# Are VST baskets better than Sage stock basket



## earthflattener (Jul 27, 2015)

Hi Folks,

Quick question. Has anyone tried VST baskets on Sage machines - particularly the dual boiler?

I'm thinking that the 18g VST might be a bit smaller than Sages stock basket, so I might be able to get away with a slightly smaller dose.

The Sage baskets seem to have a reputation for being well engineered, so it would be nice to hear experiences from someone who has tried both.


----------



## Kremfresh (May 26, 2020)

I've had the VST 18g ridgeless with the DB and preferred the stock basket.

VST needed a much finer grind and was a lot less forgiving of basket prep - went back to stock and have enjoyed my workflow and cup more


----------



## earthflattener (Jul 27, 2015)

Thanks for that. I might still get one just to practice better prep. It's rare to get something obviously wrong with the stock basket, but since better prep supposedly gives better results, it might be worth a go.


----------



## urbanbumpkin (Jan 30, 2013)

I prefer 18g VST but VSTs are less forgiving

Sent from my iPhone using Tapatalk Pro


----------



## earthflattener (Jul 27, 2015)

urbanbumpkin said:


> I prefer 18g VST but VSTs are less forgiving
> 
> Sent from my iPhone using Tapatalk Pro


 just bought one..so we shall see


----------



## ronan08 (Dec 21, 2019)

Yeah you need a finer grind and consistant prep


----------



## daveandmairi (Jul 22, 2020)

earthflattener said:


> just bought one..so we shall see


 How are you getting on with your VST basket? I'm planning on getting an 18g ridgeless to use with the sage bottomless portafilter Santa is bringing me. I don't want it falling out every time I knock out the puck. You having any issues with that?


----------



## earthflattener (Jul 27, 2015)

No issues whatsoever. I must say, there is not a huge amount of difference between them. You might have to go slightly finer, but it's marginal. The puck comes out slightly easier, often one gentle tap as opposed to two hard knocks on the stock basket. I've not seen significantly problems with getting a good distribution of flow through the perforations than with the stock basket either - again maybe it is marginally more important to get a good distribution of coffee, but not a major concern.

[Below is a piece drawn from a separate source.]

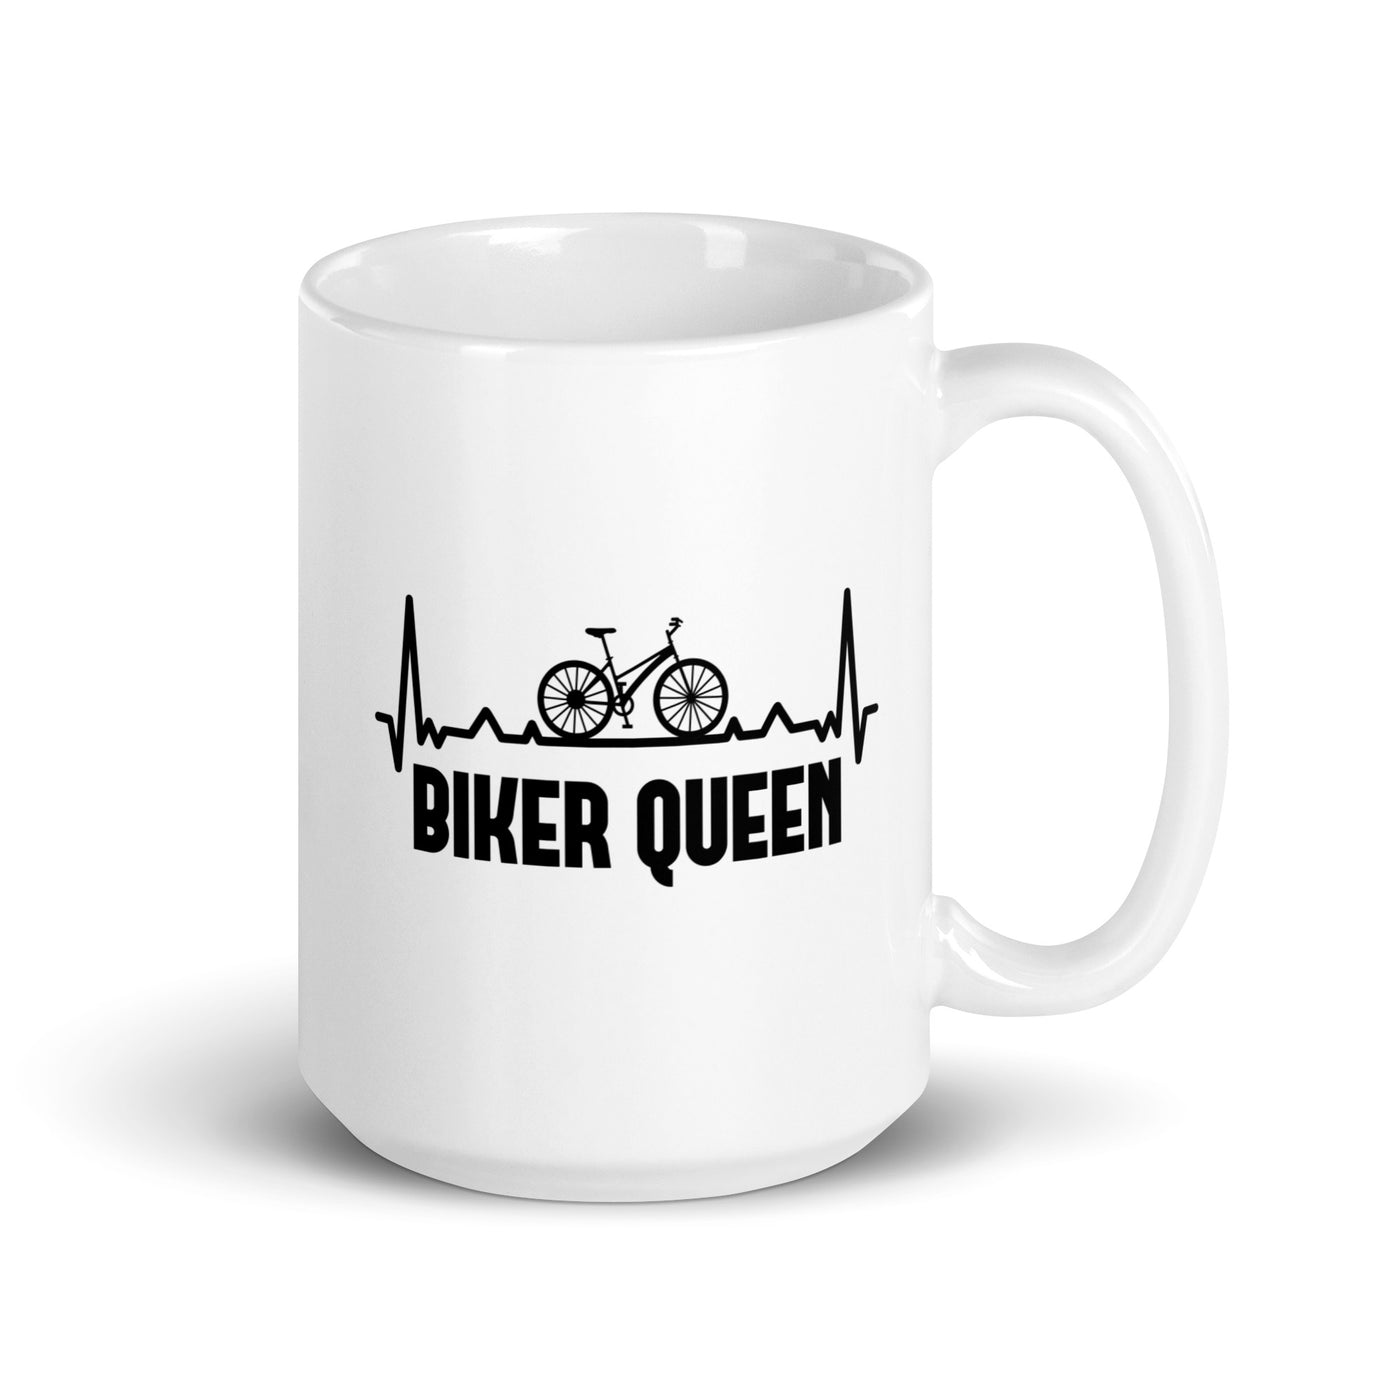 Biker Queen 1 - Tasse fahrrad 15oz

If anything the basket is a bit harder to get out to clean than with the SAGE one. Certainly not falling out when you knock out.

Is it £28 well spent? To be honest, life has not changed much either way, so it's not hurt, but I've not seen any great gain.


----------



## Yas90 (Mar 3, 2020)

Just a general question about VSTs. Dosing at 16g, would you guys recommend the 18g or 15g basket.

Already have a 18g barista pro basket, but that appears to be too big.


----------



## Mrboots2u (May 10, 2013)

Yas90 said:


> Just a general question about VSTs. Dosing at 16g, would you guys recommend the 18g or 15g basket.
> 
> Already have a 18g barista pro basket, but that appears to be too big.


 18 g is Best at 17 to 19 g

the 15 g basket is a bit of a pig to get right imho

What's the tie to 16g May iask


----------



## Jony (Sep 8, 2017)

Must agree the 15 is a nightmare for me 18 all the way. 17 with some beans.


----------



## 9719 (Mar 29, 2015)

Man up you boys  used the 15g for years, generally dose 14.5g depending on bean, without probs, not saying it was always that way ...teaches you things & but once mastered you've got a real life lesson...


----------



## Yas90 (Mar 3, 2020)

Mrboots2u said:


> 18 g is Best at 17 to 19 g
> 
> the 15 g basket is a bit of a pig to get right imho
> 
> What's the tie to 16g May iask


 Amongst my favourite beans are forge coffee roasters Ruskin blend. It's a 16g in 34g recipe. I've tried to increase the dose and less fine grind size but struggled to match the initial recipe in taste


----------